Las librerías que realmente merecen ese nombre destinan una sección a la exhibición y venta de libros que en su momento no fueron adquiridos por el público. Generalmente, se trata de estantes alejados de la vista de los visitantes, con lo cual adquieren una categoría comparable a la de los desplazados que, no por ese hecho, son inservibles. Sin embargo, entre esos libros relegados al olvido, muchas veces encontramos verdaderas joyas literarias, cuando no compendios de instrucciones o recomendaciones para hacer mejor las cosas.
Hay personas dedicadas exclusivamente a la venta de libros viejos. Los más conocidos en el mundo occidental son los expendedores de textos raros y antiguos, establecidos en las orillas del río Sena, en París, muy cerca del Barrio Latino. Se los conoce como los ‘bouquinistes’, porque en francés ‘bouquin’ significa libro viejo. Allí, en sus quioscos, venden su mercancía a intelectuales verdaderos y aún a los de nuevo cuño.
En algunas librerías importantes del país hemos encontrado secciones apartadas donde reposan obras que no han perdido mérito, a pesar del tiempo.
En esos casos, no es relevante buscar la fecha de su edición; mucho menos importa hasta dónde ha descendido su precio con el correr de los años; solo interesa el contenido. De esa manera compramos una vez, por pocos pesos, un libro excelente: ‘El Mediterráneo es un mar joven’, del escritor colombiano Eduardo Mendoza Varela. Mediante su lectura nos dejamos llevar por los escarpados senderos de las islas Córcega y Cerdeña, por Grecia con sus históricos monumentos y, en fin, por los territorios bañados por el Mediterráneo.
El comprador de libros viejos puede pasar horas enteras delante de un estante antes de pagar por su adquisición. Se podría pensar que medita sobre el costo de una obra; sin embargo, eso es lo de menos, pues estos ejemplares, sin excepción, muestran una serie de precios tachados, siempre en descenso, hasta terminar con el que en ese momento debe pagar el cliente.
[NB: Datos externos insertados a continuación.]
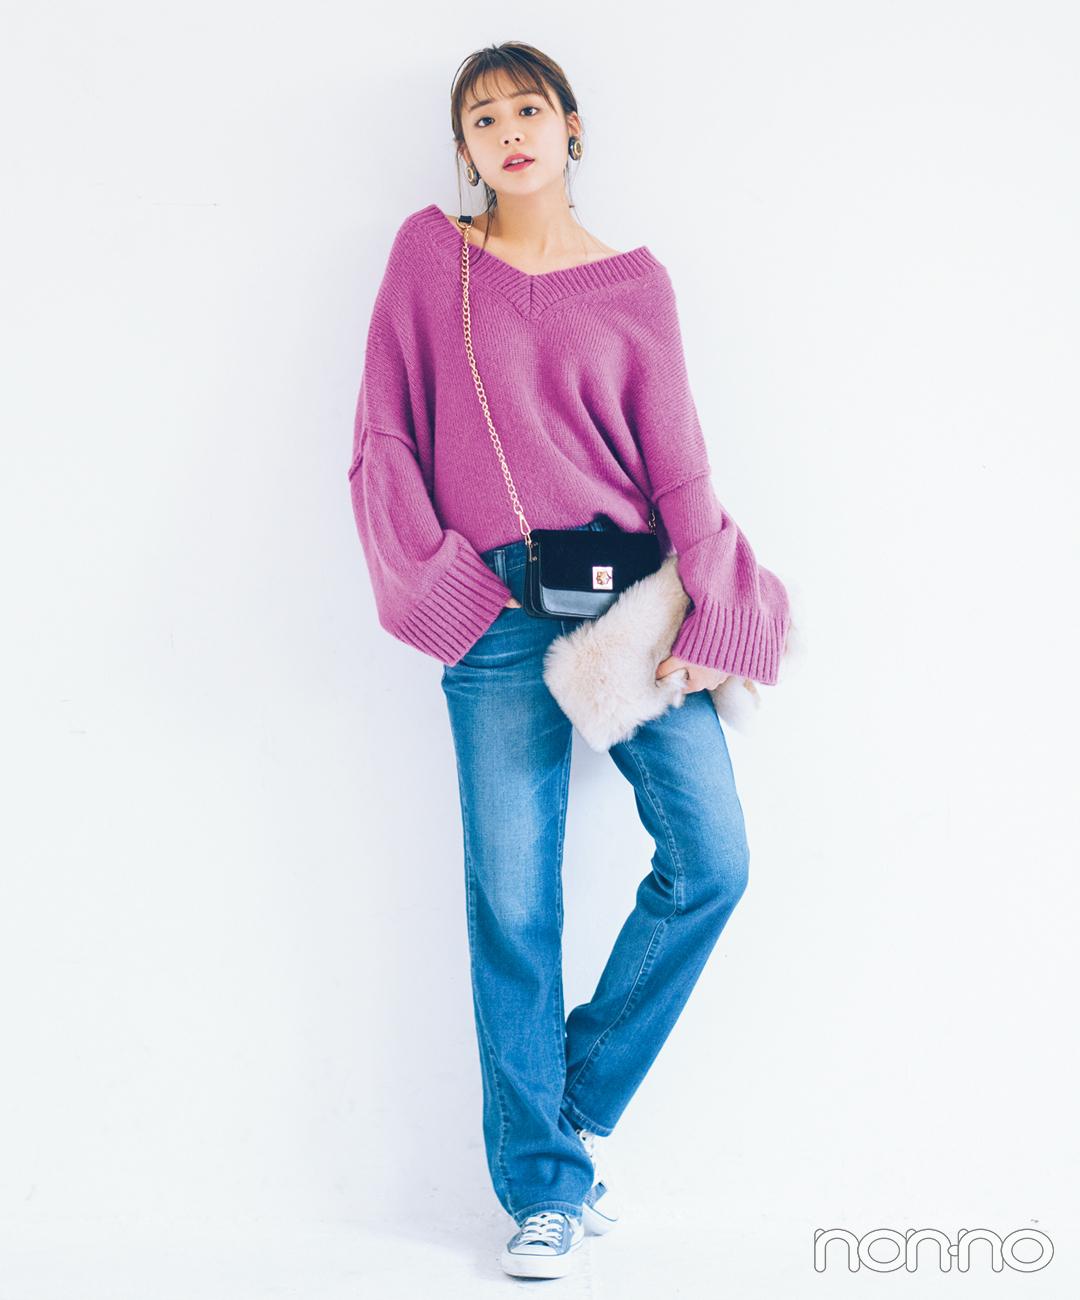 【ストレートデニムコーデ】きれい色ゆるニットで真冬の好感度モテスタイル

Lo que en realidad evalúa el comprador es el contenido del libro, para lo cual revisa el índice en busca de temas de interés.
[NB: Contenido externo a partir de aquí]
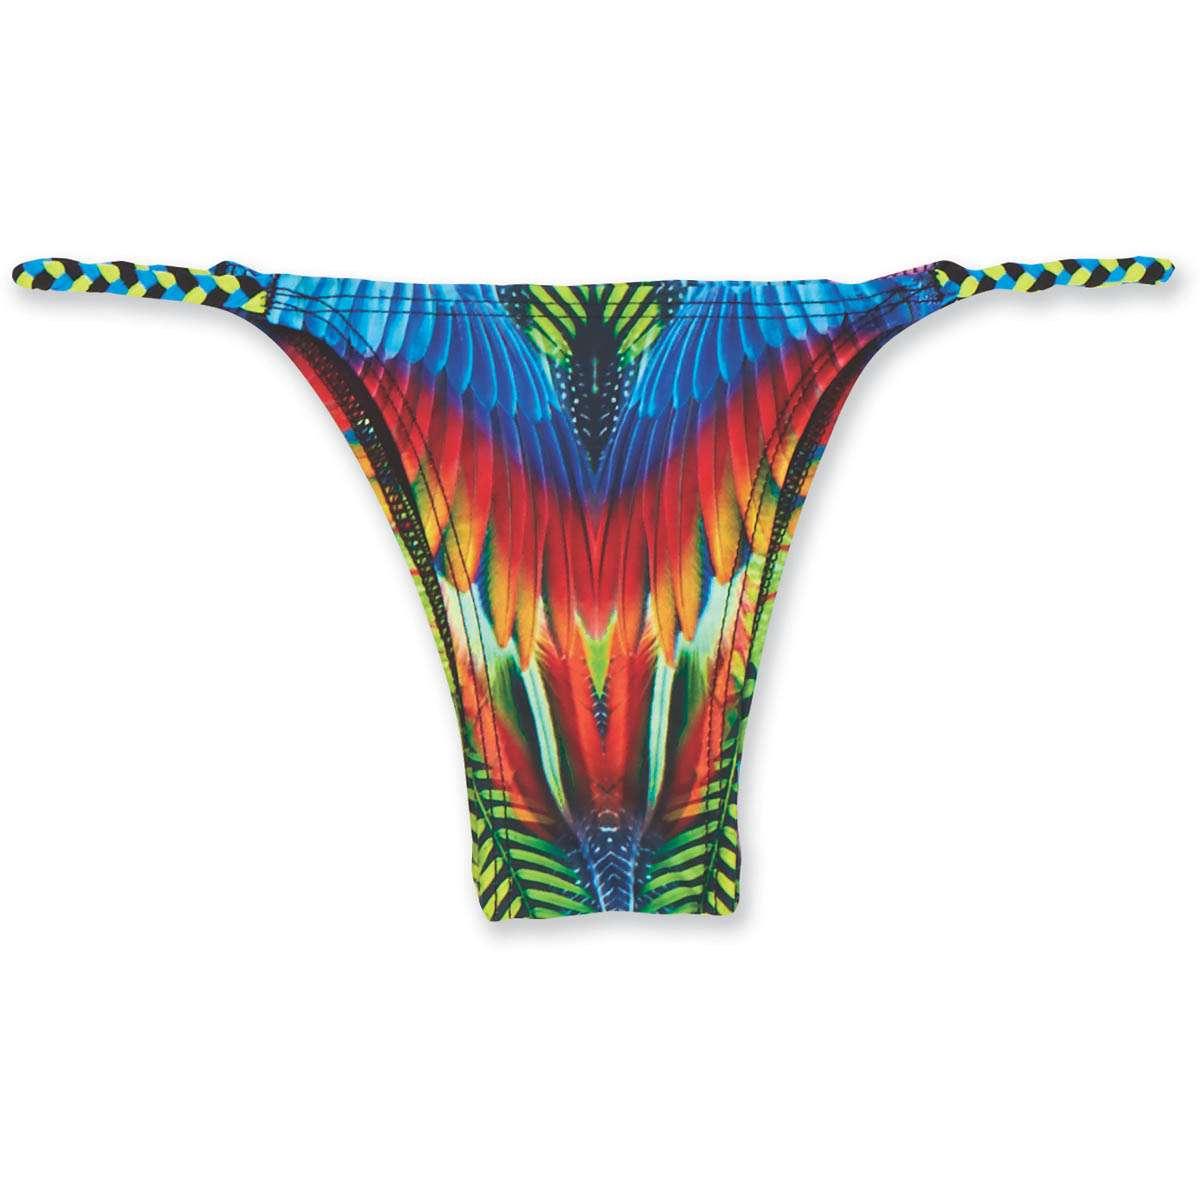 3aed979ce74 Dakine Kelli Braided Bottom Bikini Pants Cha Cha Cha | Dakine Shop

Una vez, mientras buscaba algún libro que se acomodara a la precariedad de mi bolsillo de estudiante provinciano, encontré una joya en una librería en el centro de Bogotá. El tomo estaba en el piso del establecimiento, tirado junto a otros ejemplares que parecían destinados a la basura.
Las hojas estaban pegadas debido a la humedad del recinto. Lo único reciente en dicho libro era el precio, escrito debajo de otras cifras previamente tachadas. Era de historia. En cada página comparaba hechos ocurridos en Colombia con eventos que simultáneamente tuvieron ocurrencia en el mundo. Sobra decir que el mencionado texto desapareció en manos de mis colegas de ciencias sociales cuando comencé a laborar como docente.
En cierta ocasión, en una librería de Santa Marta encontré uno de esos libros que debieron merecer mejor suerte cuando fueron expuestos por primera vez. Se trata de ‘Los buscadores de oro’, de Augusto Monterroso. En esta obra el narrador guatemalteco describe escenas de su vida, desde la infancia, sin omitir detalles que los lectores quisieran conocer. La prosa de Monterroso es de lo más castizo que se pueda desear. Sin embargo, en nuestra ciudad no se conoce suficientemente a este narrador centroamericano.
Tal vez por eso no se vendió aquí el libro ‘Los buscadores de oro’. Monterroso es autor del que se considera el cuento más corto, compuesto por solo siete palabras; todo el texto dice así: ‘Cuando despertó, el dinosaurio todavía estaba allí’. (No faltará quien prefiera decir: “Cuando despertó el dinosaurio, todavía estaba allí”).
En los cementerios de libros viejos reposan los esfuerzos literarios de muchos autores que con entusiasmo y desprendimiento sembraron un grano de cultura. Por eso, buscar, comprar y leer libros marginados por los libreros en la trastienda de sus negocios es, sin lugar a dudas, una actividad gratificante para las personas que la disfrutan.
Para ellos, el tiempo no transcurre; ni el tiempo que dura la contemplación y revisión de temas ni el tiempo que los autores inmovilizaron en sus obras mediante la impresión escrita. ¡De cuánta información se pierde quien no es capaz de ojear y hojear un libro que no por permanecer en el exilio deja de ser interesante!